Und so gesehen hatte er Recht. Denn die Menschen von der Feuerwehr wollten nichts mehr, als eine Tradition aufrecht zu erhalten. Doch das wird Jahr für Jahr schwieriger. Die Männer stellen den Baum immer selbst auf, da kommt kein Bauhof wie in Münnerstadt. Und überhaupt, der Baum: Einen großen zu kaufen, ist illusorisch - zu teuer. Doch Privatleute stiften momentan keinen Baum für Seubrigshausen, denn der hätte letztes Jahr wegen der Baustelle Dorfplatz im Schlamm und Dreck gestanden.

So hat es 2017 eben nur für eine Krücke gelangt, die mit dem geschmückt wurde, was zur Verfügung war - und das war nicht viel.

2017 hat die Saale-Zeitung geläutert als Buße versprochen, 2018 für einen Baum zu sorgen. Und das machen wir jetzt auch. Allerdings: Die Baustelle verhindert noch immer einen Prachtbaum vor der Kirche, eine große Tanne kann aktuell nicht sicher im Boden verankert werden.
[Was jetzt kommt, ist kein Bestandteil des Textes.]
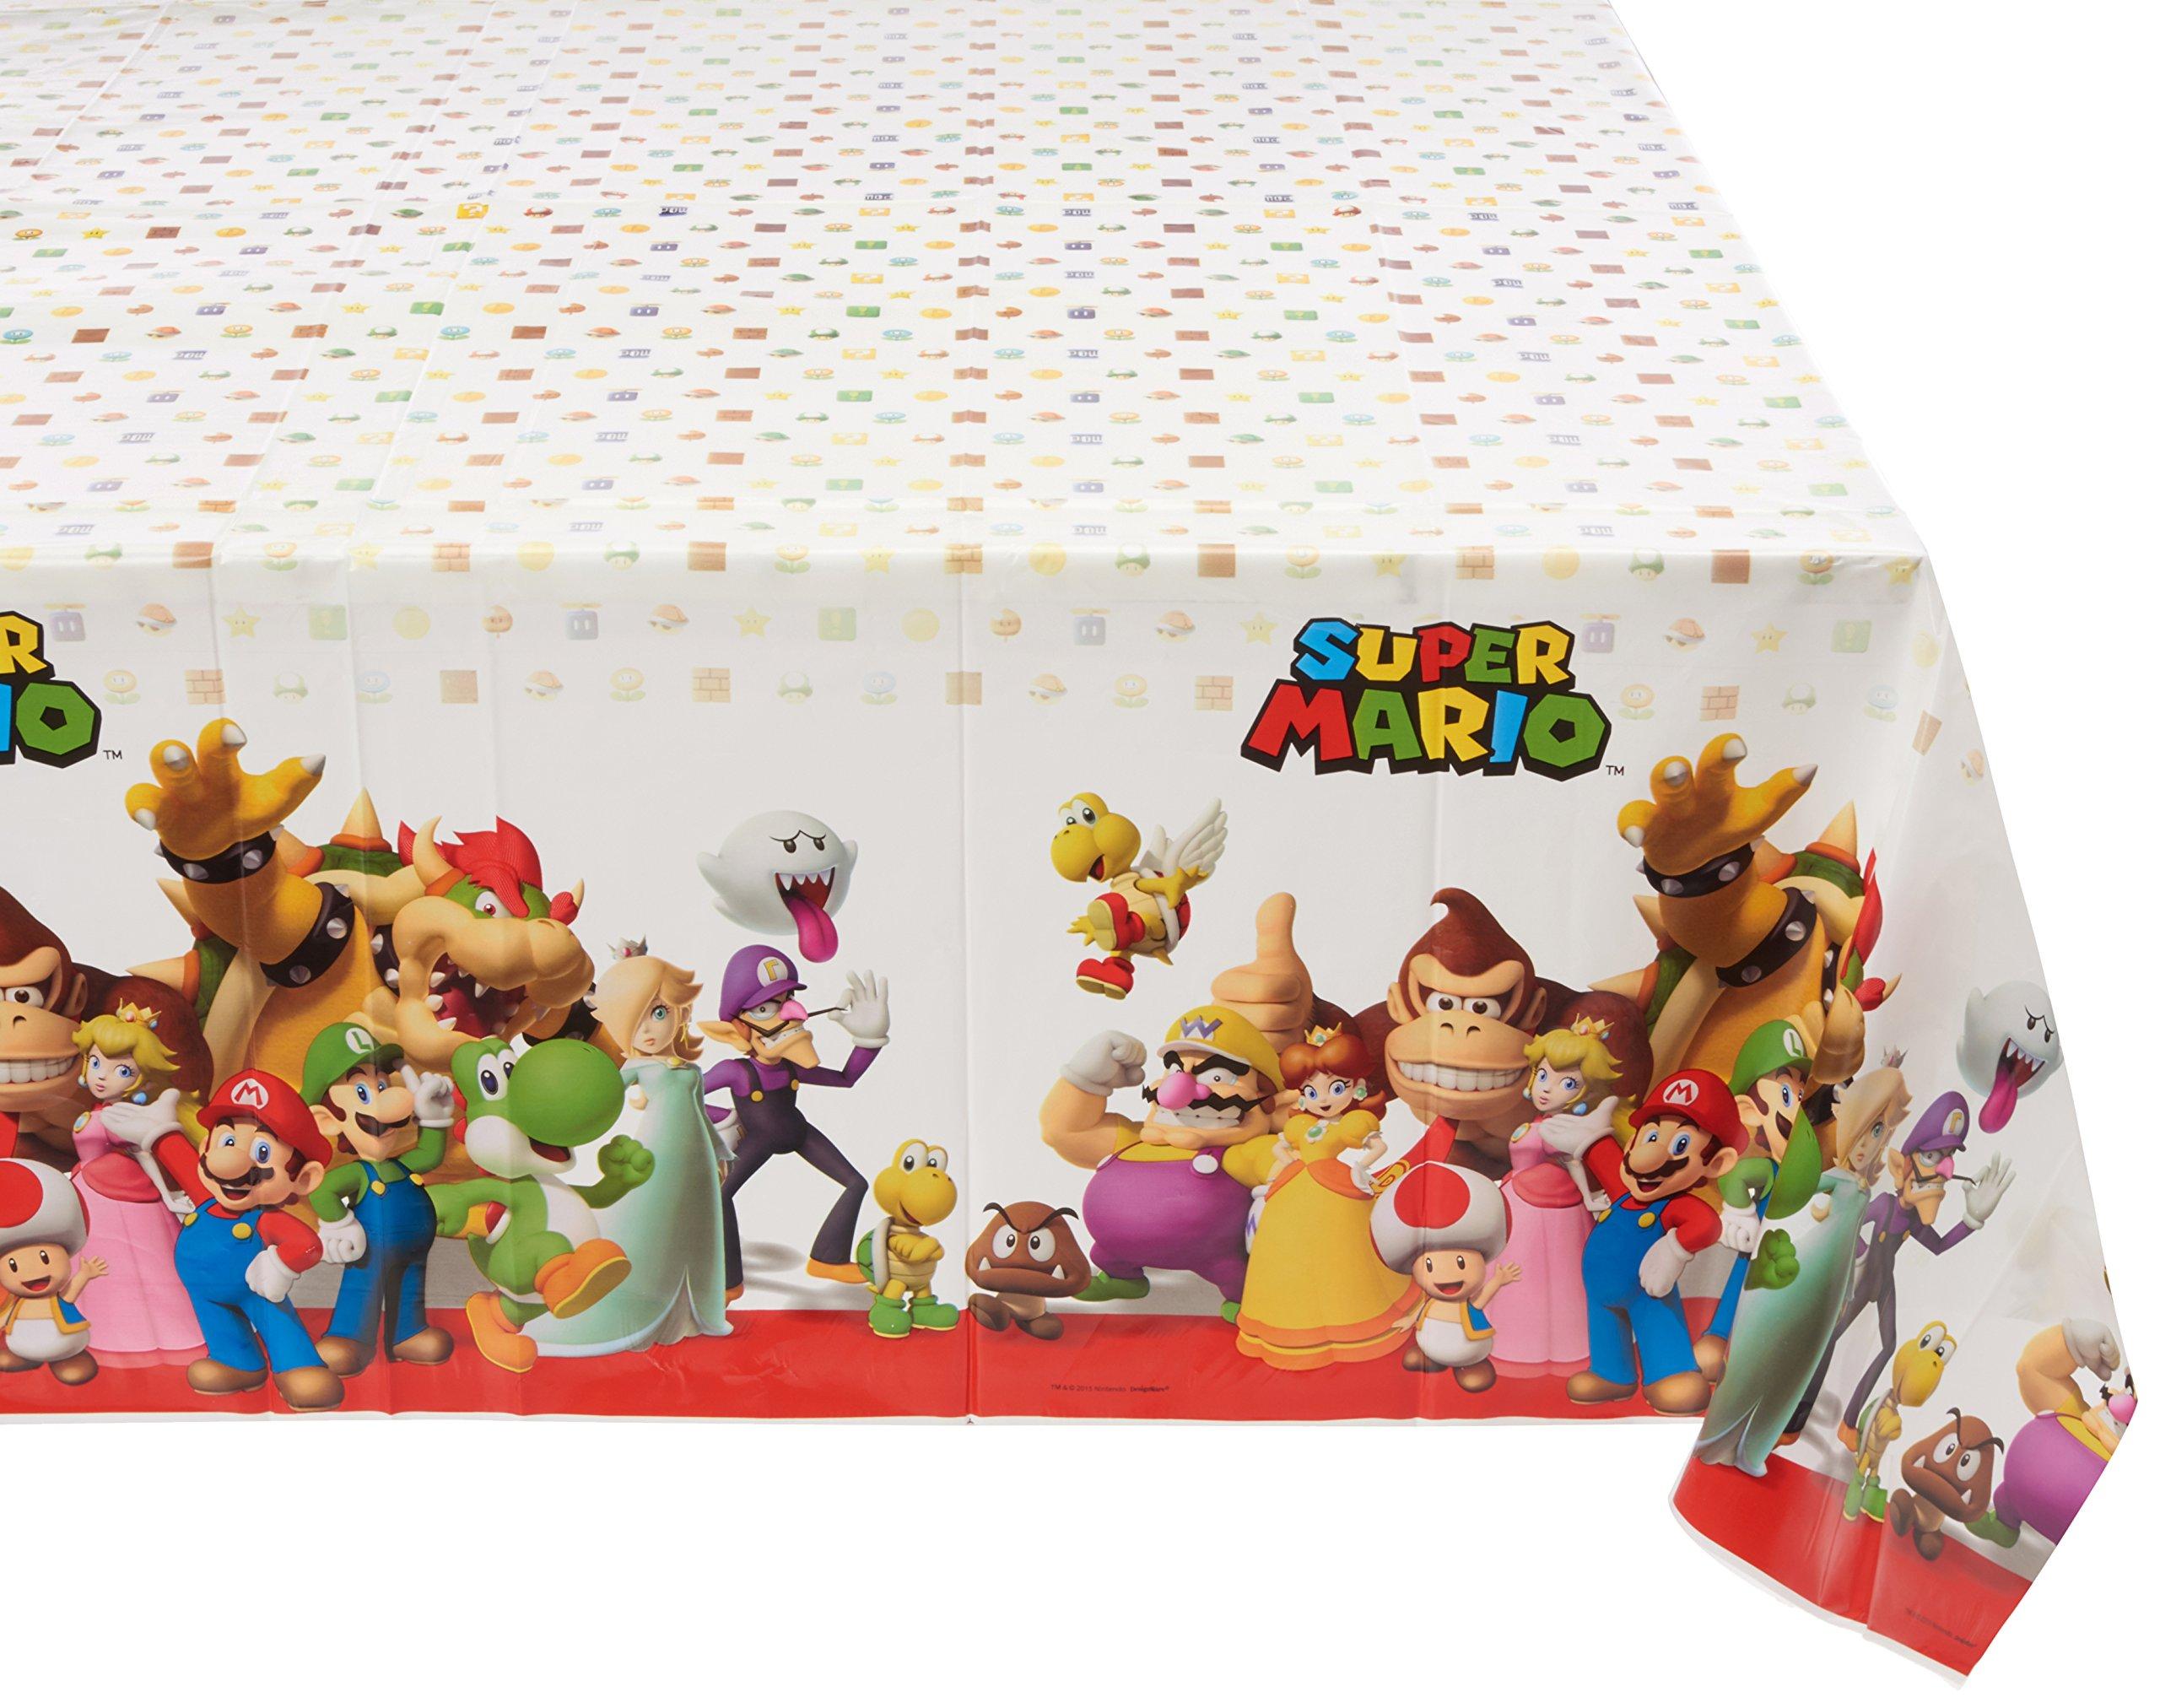 Super Mario Brothers Plastic Table

Deshalb wird es die Kindervariante mit Wurzelballen geben, der Baum kann dann später fest eingepflanzt werden. Wir werden ihn schmücken und am 1. Dezember in den Kindergartenhof stellen, wo die Feuerwehr bereits alles vorbereitet hat, damit die Kirchgänger nach dem letzten Amen Glühwein trinken und Waffel essen können. Am Waffeleisen: eine Mannschaft der Saale-Zeitung. Und damit niemand frieren muss, hat die Feuerwehr auch noch wärmende Schwedenfeuer gebaut.

Was abzüglich des Wareneinsatzes der Feuerwehr in der Kasse übrig bleibt, bleibt auch in Seubrigshausen: Die Feuerwehr will einen Defibrillator kaufen, das Geld für Waffel und Wein kann also später mal Leben retten - und auch das Geld, das als Spende in die Kasse geworfen wird.

Info: Um 18.30 Uhr beginnt die Vorabendmesse, da wird auch noch der verstorbenen Feuerwehrlern aus Seubrigshausen gedacht. Ab 19 Uhr beginnt der gemütliche Teil mit Glühweinausschank, Waffeln, Bratwürsten, Lebkuchen.

Ein Experte des Zentrums für Telemedizin wird an einem Infostand erklären, wie ein Defibrillator funktioniert und wie man ihn einsetzt.